Лауреат
МАРК ШАГАЛ. То, что у нас внутри, – это и есть реальность.
ТЕННЕСИ УИЛЬЯМС. Представляете – жил, как призрак, только работой
НАУМ БРОД. Представляю.
Утро.
1.
Я открываю глаза от того, что хлопнула входная дверь. Это Анжела
ушла на работу. Почти каждое утро у меня начинается с этого. Иногда
я не слышу, как она уходит, но все равно просыпаюсь через минуту-две
после нее. Если я просыпаюсь до и у меня плохое настроение, я
лежу, пока не услышу заключительную возню с дверным замком. Если
хорошее, могу вскочить, быстренько накинуть халат и, к радости
Анжелы, проводить ее до лифта. Когда-то я мечтал именно об этом:
стану профессиональным писателем, буду по утрам провожать своих
домочадцев, разбегающихся по своим делам, а сам с удовольствием
буду возвращаться к столу, где меня ждет очередная рукопись.
Считается, что организм должен пробуждаться сам, тогда он меньше
изнашивается. Если это так, значит, я свой организм берегу давно,
с момента, когда ушел «на вольные хлеба», лет тридцать пять назад.
Будильником я пользуюсь только когда надо куда-то утром поехать
или кого-то встретить на вокзале. Но тогда у меня и в самом деле
все разлаживается: я могу проворочаться впустую всю ночь, утром
встаю разбитый, днем могу заснуть за рулем на красном светофоре.
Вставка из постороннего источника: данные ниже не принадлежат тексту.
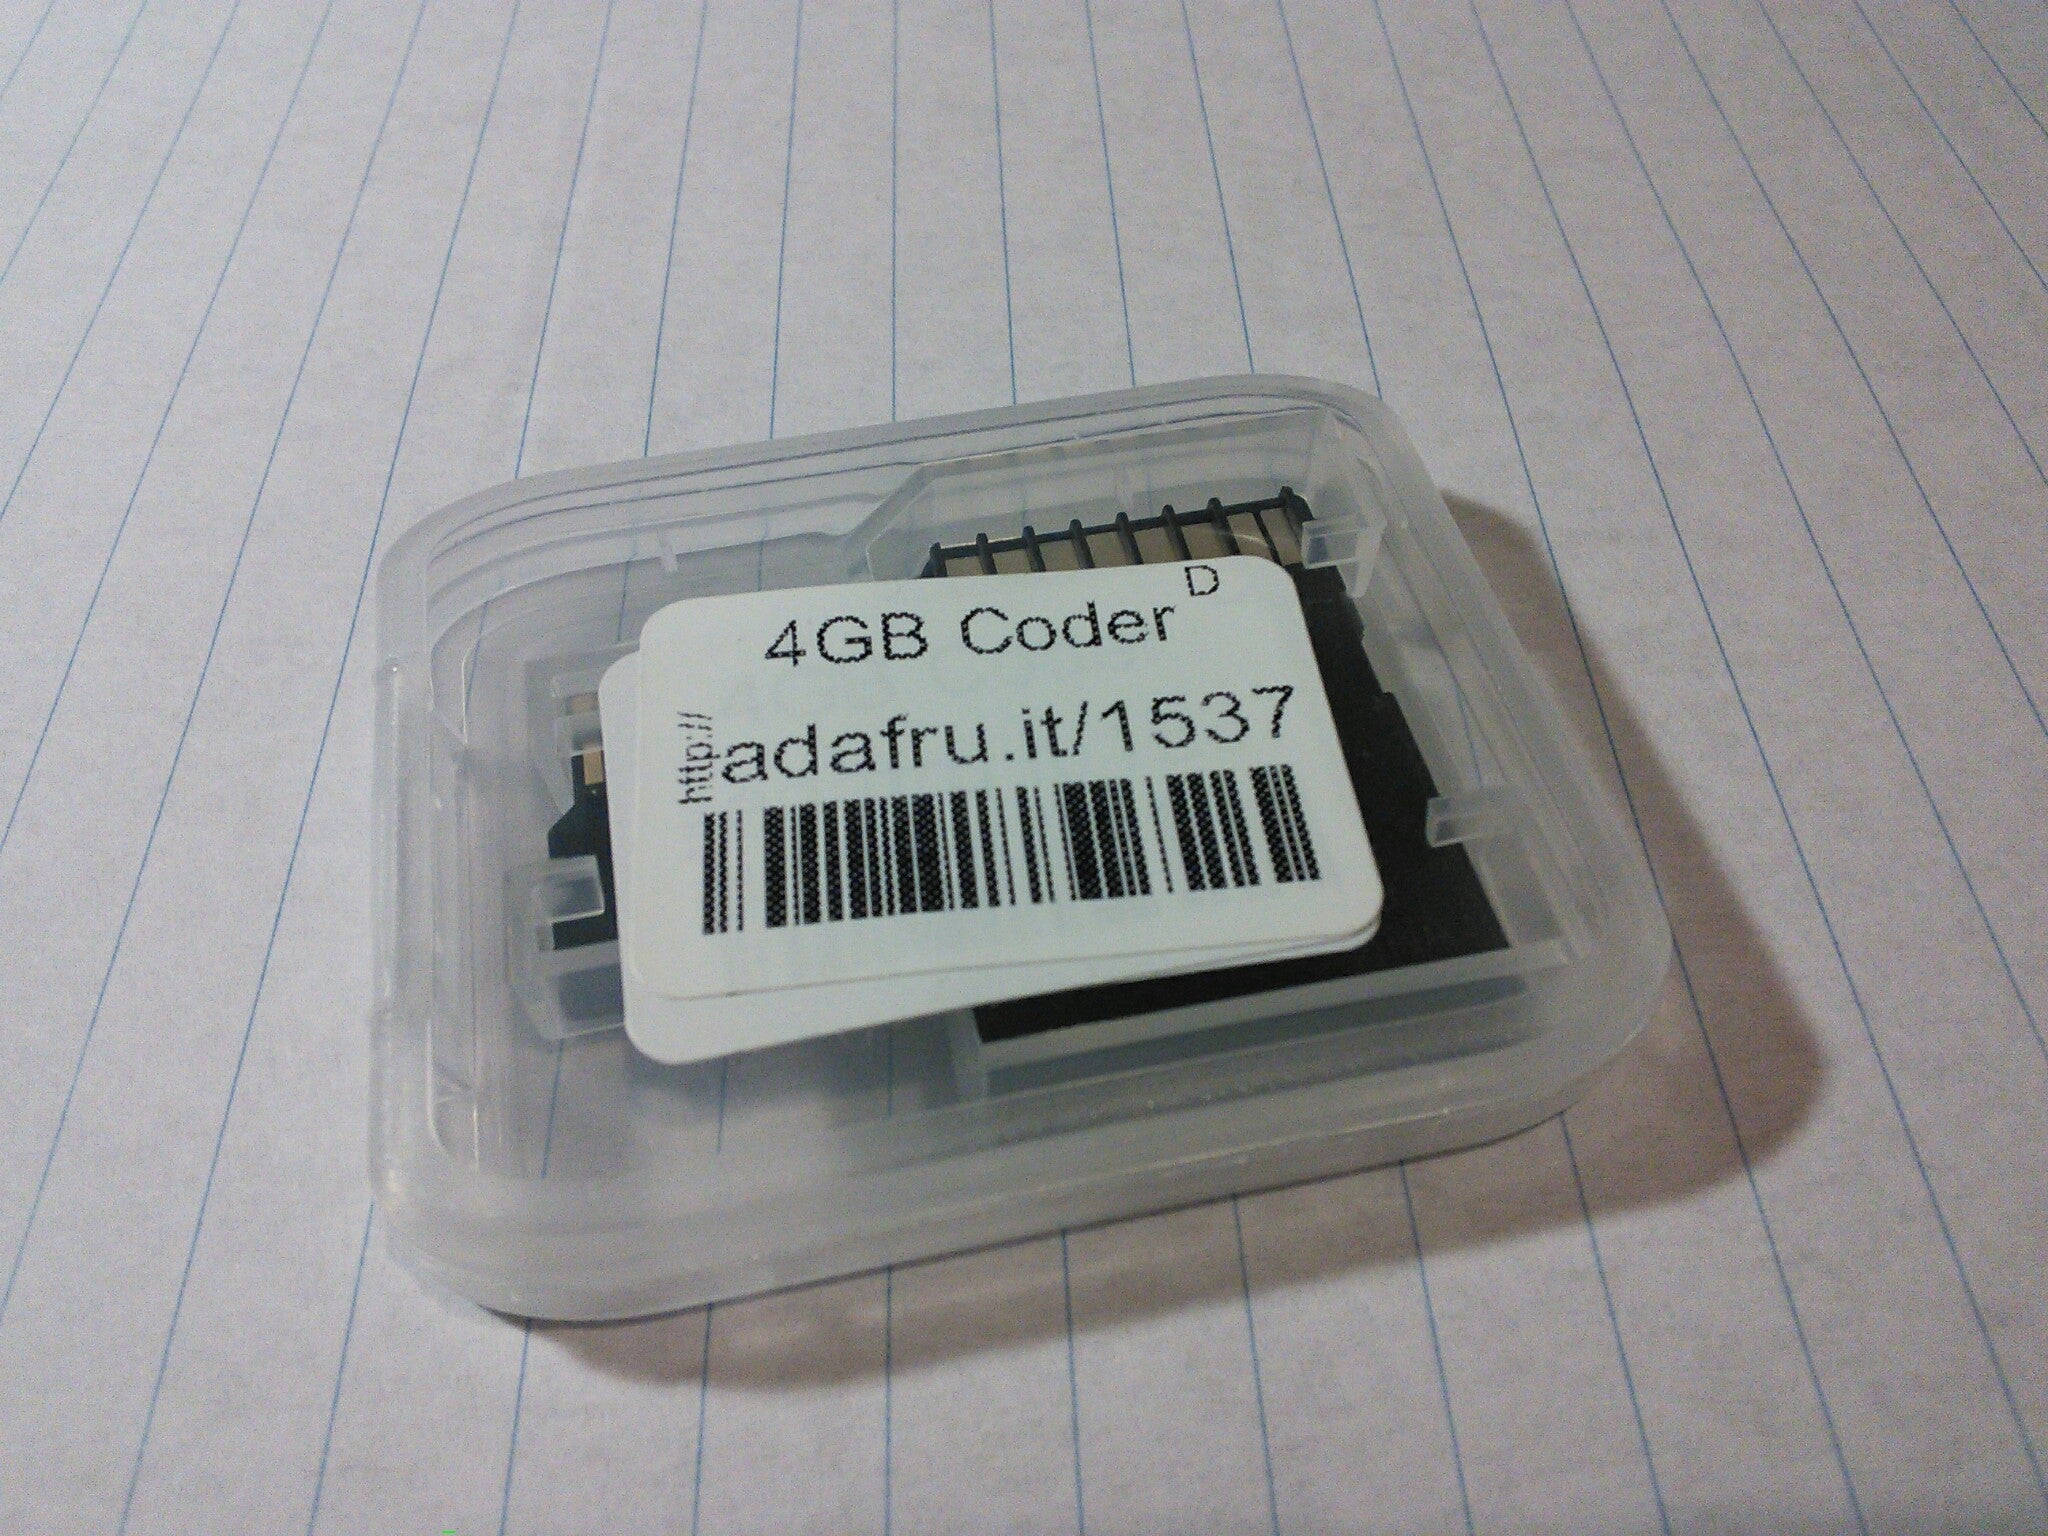 SD Card with Coder from AdaFruit

Не исключаю, что это уже признаки возраста, но пока все, что могло
бы считаться признаком возраста, я стараюсь в себе не признавать.
Я открываю глаза и в следующее мгновение у меня портится настроение:
я вспоминаю, что завтра у меня день рождения. Многие не любят
этот день, я не исключение. Мне он представляется в виде мрачной
вехи в космосе, к которой каждый год подлетаешь, чуть задеваешь
ее с перехваченным от ужаса дыханием, и отлетаешь обратно, на
свое место, еще хранящим тепло от твоего недавнего присутствия.
Возраст, к которому только-только привык, растаял – и вот уже
надо привыкать к другому. Противно, что ты ничего не можешь с
этим поделать. Я прибегаю к одной бесхитростной уловке: первые
несколько недель после своего дня рождения на вопрос о моем возрасте
я отвечаю предыдущим возрастом. Через несколько секунд кокетливо
поправляюсь: якобы забыл, или еще не
привык, что стал старше. Но человек уже усвоил первую цифру, вторую
он пропускает мимо ушей, потому что интерес к твоему возрасту
уже исчерпан. А уж с текущим возрастом я буду тянуть до последнего.
Но завтра у меня не просто день рождения, а юбилей – мне исполнится
65 (шестьдесят пять). Прописью написал для тех, кто меня видел:
чтобы не подумали, что это опечатка. Я выгляжу моложе своих лет.
Когда какой-нибудь тип обращается ко мне «отец» или «батя», я
даже не сразу понимаю, что это я. В том, что я моложаво выгляжу,
моих усилий никаких нет, такая конституция. За собой не ухаживаю,
о здоровье особенно не забочусь, спортом не занимаюсь, в еде себя
не ограничиваю. Надо выпить – пью, пока не почувствую: стоп, хватит.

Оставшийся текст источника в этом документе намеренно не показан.